Buondì.
We were five around the pizzas yesterday evening, one of my adult daughters having coming back from college briefly.
All our kids’ lives, we’ve spoken English at home, or at least I have. They’ll speak Italian to their mother, and to each other, but never to me.
Often that means I’m left on the sidelines, but after twenty-two years of it – the first half barely being able to speak Italian at all and the second half being too busy with work stuff to know what the hell anyone at home was talking about – I was quite ‘abituato’, as Italians say.
Used to it.
Actually, in language learning, that’s a pretty good objective, I’ve found. Get ‘used to’ not being able to express yourself in your second language as well as in your mother tongue, or understand as well. It’s inevitable, so the sooner you come to terms with it, the better.
And in this case, look at the terific result! The whole family is effectively bilingual (the three adult kids), or practically so (my wife, also bilingual Italian/Swedish, so trilingual…)
Except me, of course. Though I have saved tens of thousands of euros on the cost of English tutition, summer camps, years abroad and so on. So I guess I can’t complain.
When I have, on occasions over the years, had a moan – hey, you guys are all learning English, but I never improve my Italian, given that you refuse to speak to me – I’m well aware that I’m being unreasonable. That the overall benefits (to them) far outweigh the costs (to me.)
And in fact, when I’ve observed other parents and their children, where different choices were made – for example an American girl, who falls in love with an Italian guy, takes months of Italian courses, they always speak Italian together, she gets really good at the language, feels great about herself!
And then they decide to have a child…
Predictable result?
Neither parent is willing to give up what they have and speak only English at home for the benefit of the child, who will anyway pick up Italian at school and from friends.

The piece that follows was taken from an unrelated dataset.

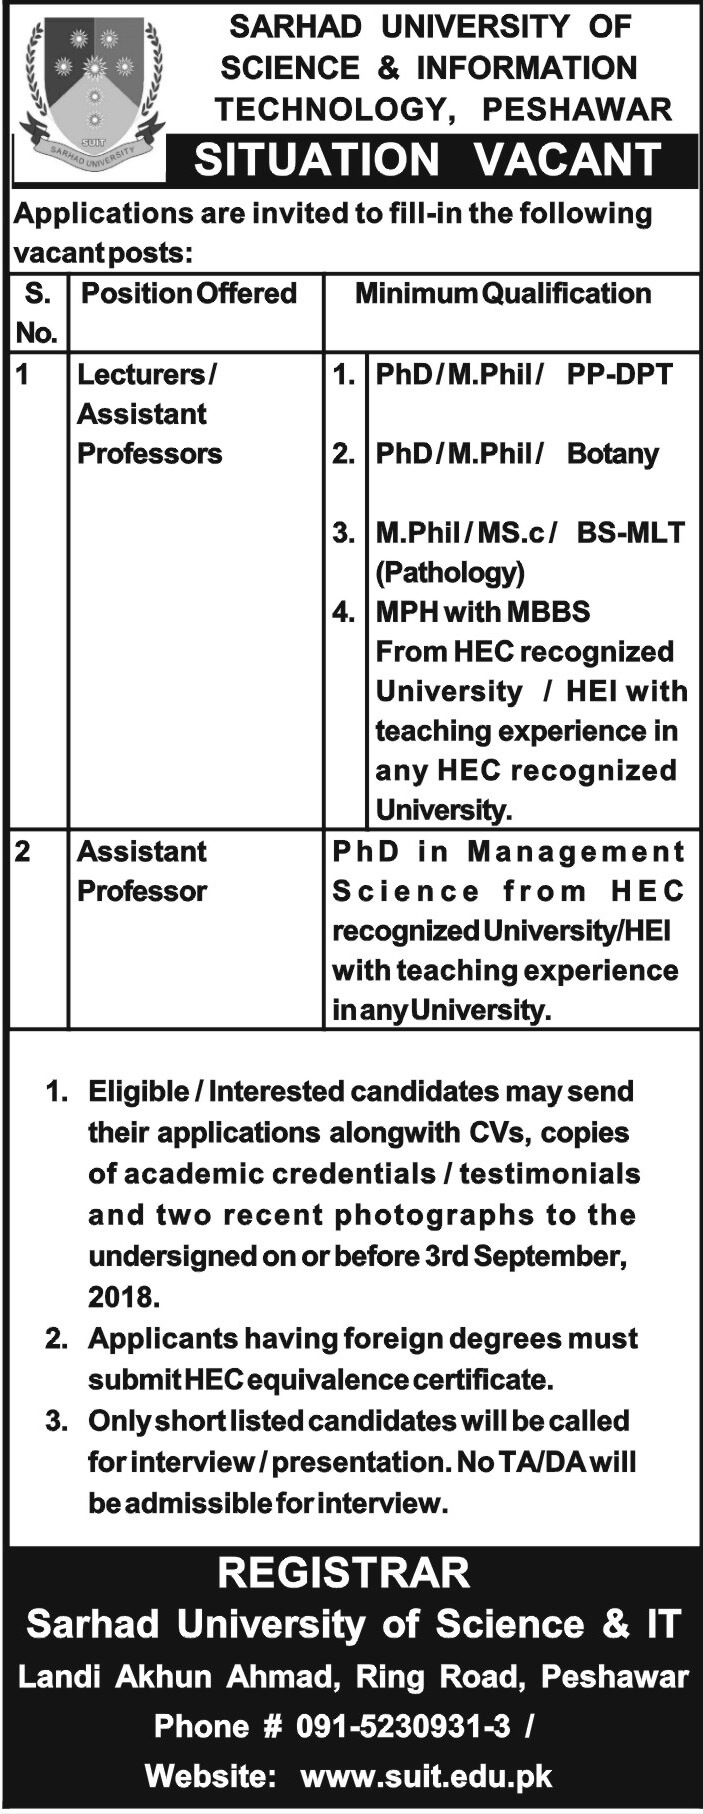 Sarhad University of science and Information Technology Peshawar Latest Jobs 2018 -thumbnail

For whatever reason, they never even begin the ‘speaking English at home for the benefit of the baby’ thing, and continue to coo in Italian like the love birds they are.
The American grandparents, of course, are furious at being left high and dry, unable to communicate with their first and only grandchild. The Italian grandparents claim not to know what the fuss is about, while secretly thanking their lucky stars that the situation wasn’t the opposite.
So the kid grows up having missed out on a huge opportunity.
But there were five of us around the pizzas last night.
My new roomie, as far as I am aware, is an Italian speaker who knows zero English.
Cool for her to be able to learn some, you might be thinking.
But she has a bunch of other problems right now and needs to be made to feel as welcome as possible. No way would it be a great idea to exclude her from the dinner table chat, we’re all agreed.
And so, like a dog walking on its hind legs, I’m speaking Italian on a daily basis!
First. Time. Ever!
It felt really weird at first, but mi sono abituato (I’m good at that, ormai.)
Observing the looks on my family’s faces, they’re only now realising what they might have preferred not to know – just how lousy my Italian is!
Harder still for them than for me, as they have to try to overcome the lifelong habit of only speaking English with me. I always spoke Italian on and off outside our home, if necessary.
Roomie is happy to be included, I think, as am I, finally!
And when we do lapse back to English – mostly unthinkingly, but on occasions when we want to say things like put these potato chips away, somewhere high up where she won’t see them – she notices, but isn’t that bothered.
Situations change.
Behavior should ideally change accordingly.
For instance, should you decide to come study Italian in Italy. Likely classes will be organised differently from those you might have taken at home.
The lingua franca will be, should be, for your own benefit must be, Italian.
Which can feel like a terrible shock at first.
And of course, you won’t understand what’s being said as well as if the teacher spoke to each individual student in their own mother tongue (in a multi-lingual group, that being impraticable as well as ultimately unhelpful.)
Situations change.
Behavior should ideally change accordingly.
Needs must.
A mercoledì
P.S.
Non c’è!
Vedi, ora sono abituato a parlare (e anche scrivere, almeno un po’) in italiano!
E’ stato un periodaccio, per cui non ho niente per vendervi (c’è un nuovo elibro, ma non è pronto ancora) e, in ogni caso, non ho l’energia con cui farlo. Sono proprio distrutto!
Vediamo per la sett. prox.
OK?
OnlineItalianClub.com | EasyItalianNews.com | EasyReaders.org (ebooks) | NativeSpeakerTeachers.com (1-1 lessons)
jan says
“Sono proprio distrutto”. I really worry about you, Daniel. You seem to be doing too much with much stress. Please take stock of your agenda, and put ‘you’ higher up the list of priorities. Thank you though for another very interesting email.
Sharon Dias says
Hi Daniel
I agree with Jan, take it more easy. I had to laugh about the grandparents and language. My husband is Portuguese and I speak it as well. Non of my children do, as when I spoke to the kids was corrected by my husband, as my grammar is not always correct. The kids now say why didn’t I persist. However it was very convenient when we didn’t want the kids to understand what we were saying.